In an embodiment of the present technology, the side blocks 30 are provided in each of the outer side region and the inner side region, and the number of the side blocks 30 provided in the outer side region differs from the number of the side blocks 30 provided in the inner side region. That is, assuming that the number of the side blocks 30 provided in the outer side region is Nout and the number of the side blocks 30 provided in the inner side region is Nin, the number Nout and the number Nin satisfy the relationship Nout<Nin. For example, in the illustrated example, since the side blocks 30 provided in the inner side region are more finely defined than the side blocks 30 provided in the outer side region, the number Nout is smaller than the number Nin.
In this manner, the number of the side blocks 30 on the vehicle inner side and the number of the side blocks 30 on the vehicle outer side differ. Since the number Nout of the side blocks 30 in the outer side region where a load is likely to be applied when the vehicle body is tilted is relatively small (that is, the individual blocks are large), block rigidity is ensured and rock performance is improved. Since the number Nin of the side blocks 30 in the inner side region where an effect of the posture of the vehicle is small is relatively large (that is, the individual blocks are small), a large groove component is ensured and mud performance is improved. Since functions are shared on the vehicle inner side and the vehicle outer side, mud performance and rock performance can be provided in a well-balanced manner.
As described above, the number of the side blocks 30 on the vehicle inner side and the number of the side blocks 30 on the vehicle outer side differ, and total area of the side blocks 30 provided in the inner side region is preferably from 85% to 115% of total area of the side blocks 30 provided in the outer side region. The total area of the side blocks 30 is set to be an identical extent on the vehicle inner side and the vehicle outer side in this manner, and thus the individual block of the side blocks 30 can be made large reliably by making the number Nout relatively small and rock performance can be improved, and the individual block of the side blocks 30 can be made small reliably by making the number Nin relatively large and mud performance can be improved. In this case, when the relationship between the total area of the side blocks 30 on the vehicle inner side and the total area of the side blocks 30 on the vehicle outer side is outside the range described above, it becomes difficult to set the shapes (sizes) of the side blocks 30 on the vehicle inner side and the vehicle outer side in appropriate relationship by adjusting the number of the side blocks 30 alone. Note that in an embodiment of the present technology, total area of side blocks 30 refers to a sum of area of top surfaces of the side blocks 30.

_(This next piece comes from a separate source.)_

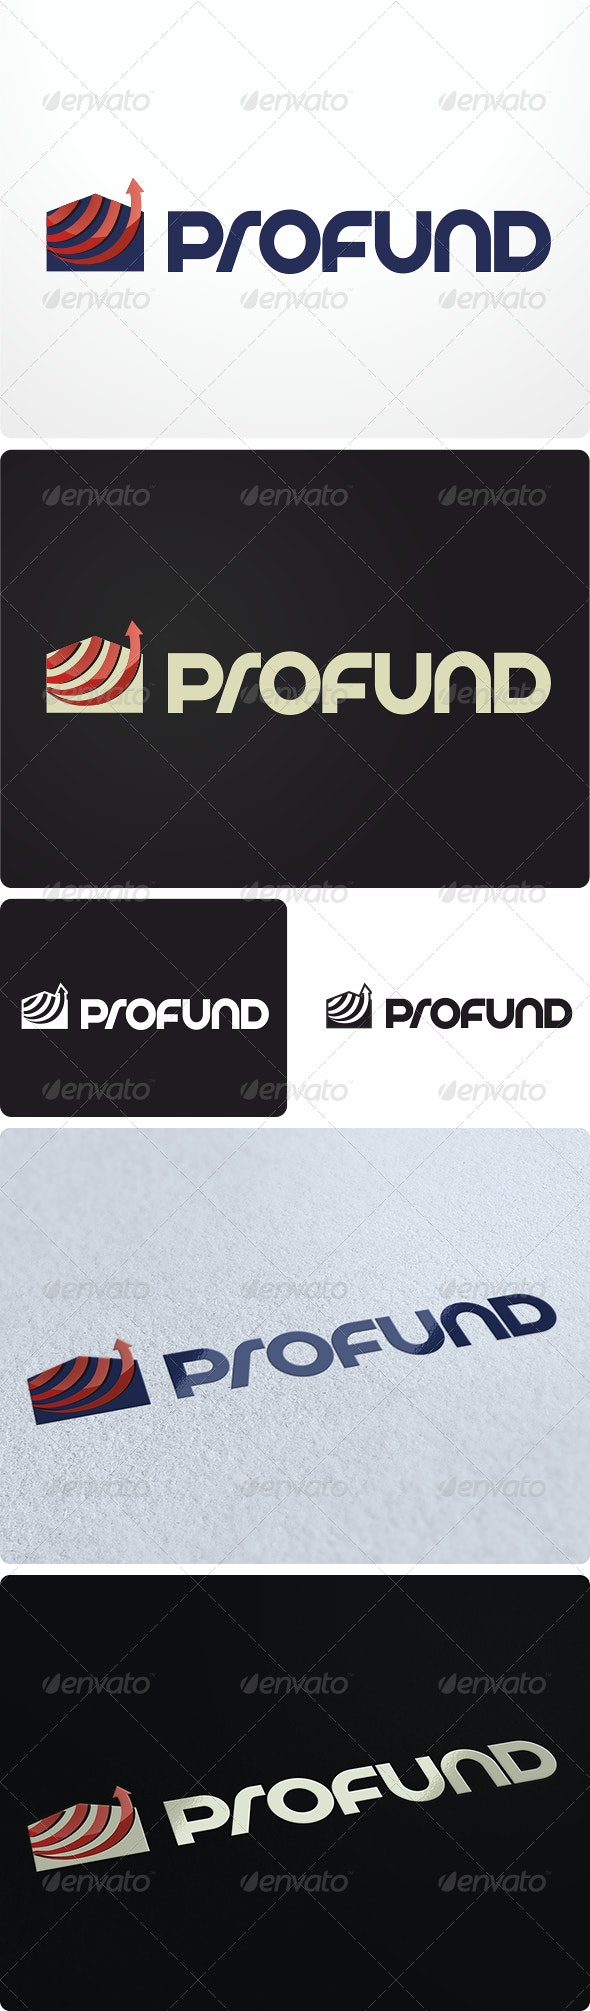 ProFund Logo Design - Buildings Logo Templates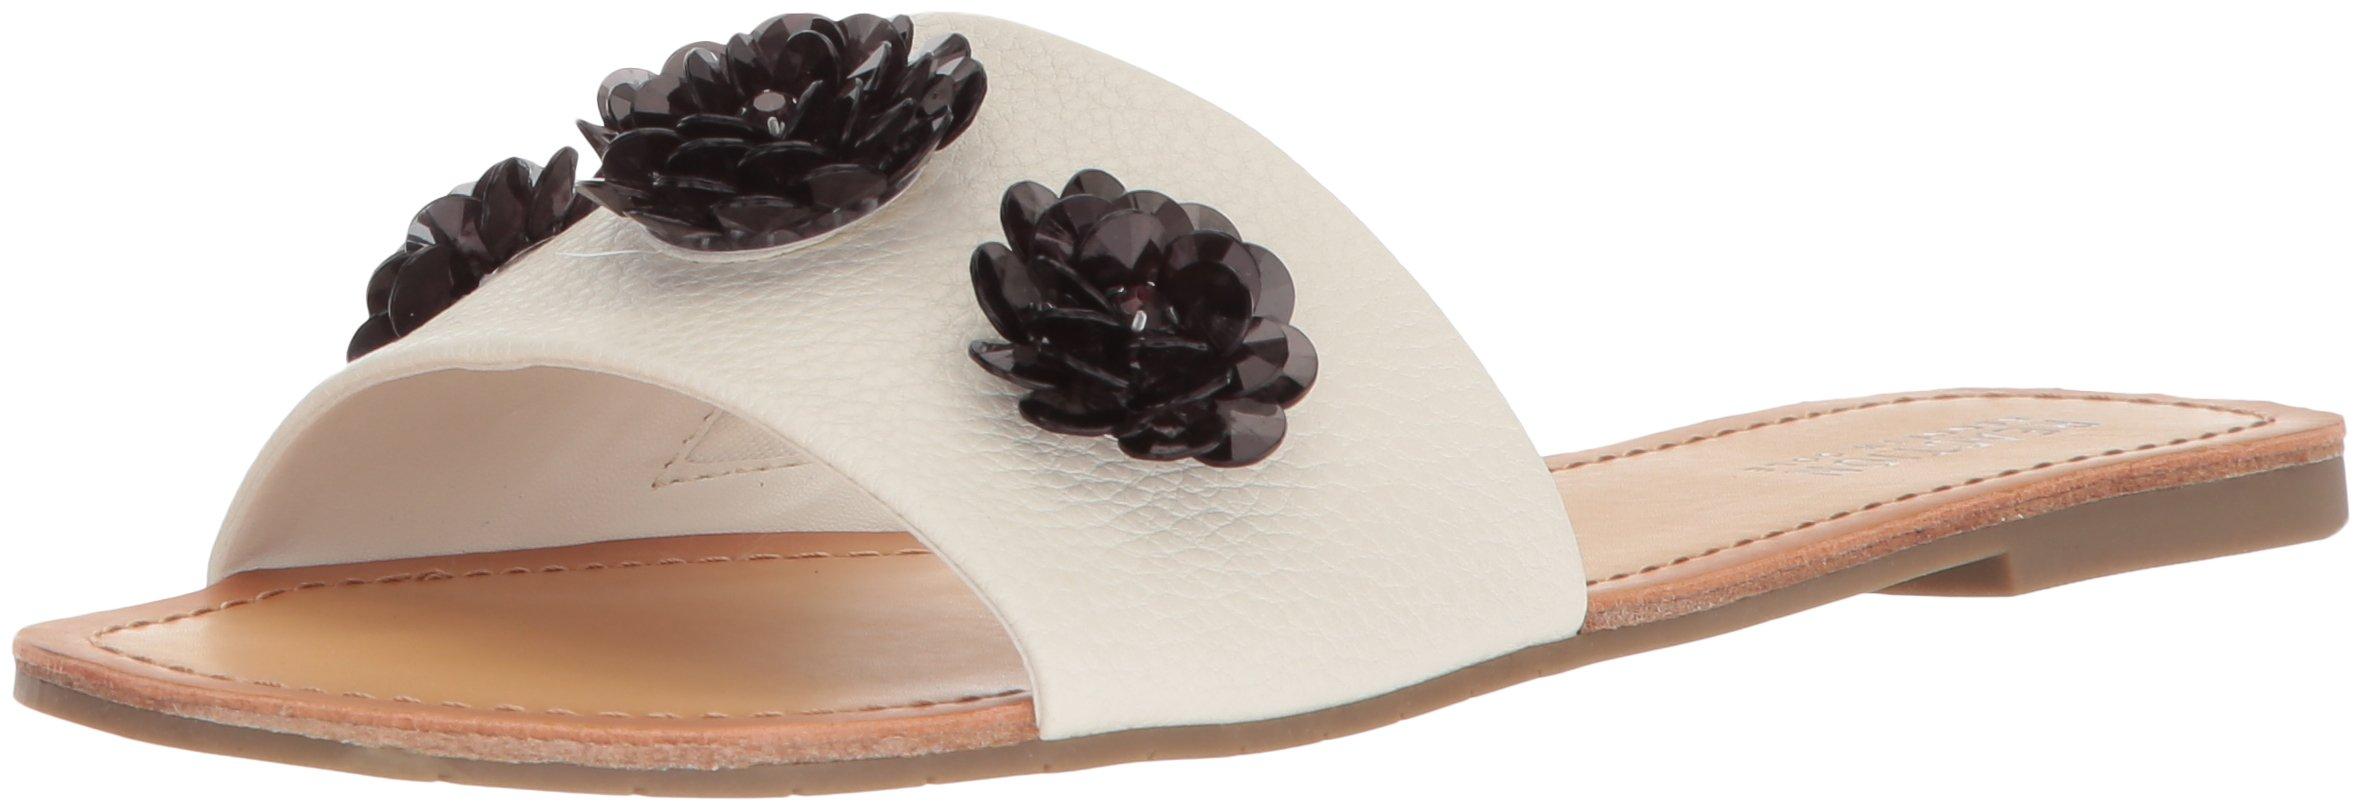 Kenneth Cole REACTION Women's Just Enough Slip on Slide Flower Gems Flat Sandal, Stone, 8.5 M US

The side blocks 30 are provided, and a percentage of the total area of the side blocks 30 provided in each of the inner side region and the outer side region with respect to the area of each of the side regions may preferably be set to be from 15% to 70% in each of the inner side region and the outer side region, and thus the side blocks 30 effectively act on running performance on unpaved roads. In this manner, the side blocks 30 occupy a sufficient range of the side regions, and thus running performance on unpaved roads can be exerted effectively. When the percentage of the total area of the side blocks 30 is less than 15%, since the side blocks 30 are sparsely scattered, it becomes difficult to sufficiently improve running performance on unpaved roads. When the percentage of the total area of the side blocks 30 exceeds 70%, since area of the grooves and the sipes between the side blocks 30 decreases and an edge effect is difficult to obtain, it becomes difficult to sufficiently improve running performance on unpaved roads. Additionally, when the individual block of the side blocks 30 is too small, since it becomes difficult to obtain an edge effect sufficient for exerting running performance on an unpaved road surface, the area of the individual block of the side blocks 30 is preferably, for example, not less than 4% of the area of the side region. Note that in an embodiment of the present technology, the area of side region refers to the area of a region between the outermost end portion in the tire width direction of the tread portion 1 and an outermost end in the tire width direction of the side blocks 30.
In an embodiment of the present technology, the side blocks 30 are defined by the segmentation elements 31, but the entire circumference of the side blocks 30 is not required to be completely defined (segmented). For example, in two types of the side blocks 30 schematically illustrated in
The number Nout of the side blocks 30 provided in the outer side region is preferably not less than 25, and more preferably not less than 30 and not greater than 45. Additionally, a ratio Nin/Nout of the number Nin of the side blocks 30 provided in the inner side region to the number Nout of the side blocks 30 provided in the outer side region is preferably not less than 1.5 and not greater than 3.5. The number of the side blocks 30 is set in this manner, and thus a balance of the number and the size of the side blocks 30 on each of the sides becomes good, and this becomes advantageous in providing mud performance and rock performance in a compatible manner. When the number Nout of the side blocks 30 is less than 25, since the number of the side blocks 30 is too small, it becomes difficult to sufficiently improve rock performance. When the ratio Nin/Nout is less than 1.5, a difference in the number of the side blocks 30 on the vehicle inner side and the number of the side blocks 30 on the vehicle outer side becomes small, and an effect of making the number of the side blocks 30 differ on the vehicle inner side and the vehicle outer side is not sufficiently obtained. When the ratio Nin/Nout exceeds 3.5, since the number of the side blocks is too large or too small on any of the vehicle inner side or the vehicle outer side, it becomes difficult to exert mud performance and rock performance in a well-balanced manner.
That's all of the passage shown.